Там уже сидел Арик. Он сидел рядом с Борей – потухший, и отрешённо смотрел в никуда. Боря, похоже, пытался с ним разговаривать, но, как мне показалось, совершенно безрезультатно.
Я конечно же подскочил к Аристарху моему Тринадцатому. Затормошил его на радостях.
Он поднял на меня взгляд и… И даже не улыбнулся.
Я, конечно, вспомнил казематы и дверь с тьмой, из которой вышел Арик, и искренне посочувствовал другу. Сел рядом, не зная, что сказать своему замороженному приятелю. Хотелось отогреть его, но я не знал, как.
Боря глянул на нас и промолчал.
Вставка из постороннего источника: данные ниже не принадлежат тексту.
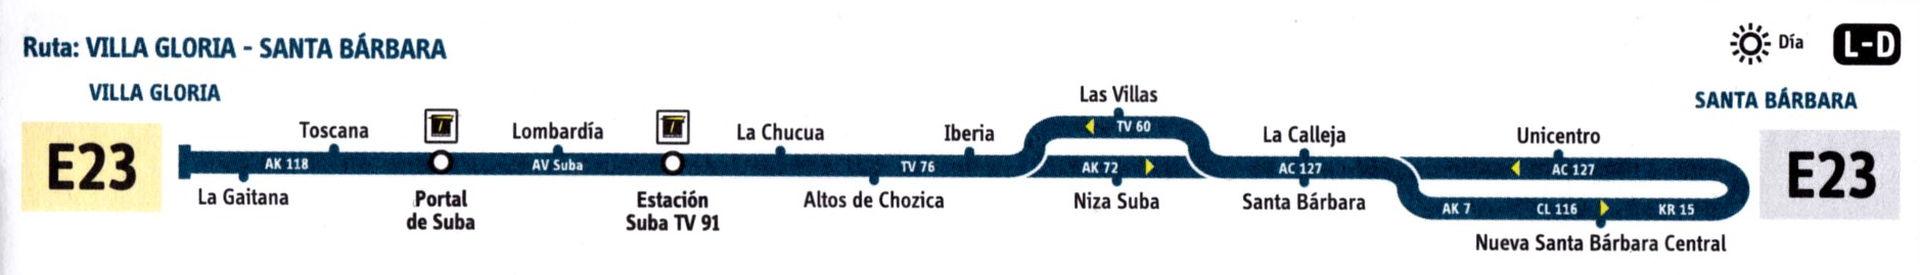 Ruta SITP: E23 Villa Gloria ↔ Santa Bárbara [Urbana] 1

Он встал и начал вести занятие, а мы так и остались сидеть на скамейке.
Единственный проблеск внимания от Арика я получил, когда он увидел пластырь на моей ладони. Он вздрогнул и поёжился.
Шла тренировка, парни пытались друг у друга выбить опору, а мы с Ариком сидели и молча смотрели на них.
Боря время от времени поглядывал на нас, но не трогал. Пацаны тоже не трогали. Видимо, чувствовали, что-то.
Через какое-то время рядом с нами сел один и стал писать писанку, потом ещё один… Мы с Ариком не обращали на них внимания. Мы вроде и не разговаривали, и… не знаю… понимали друг друга, что ли.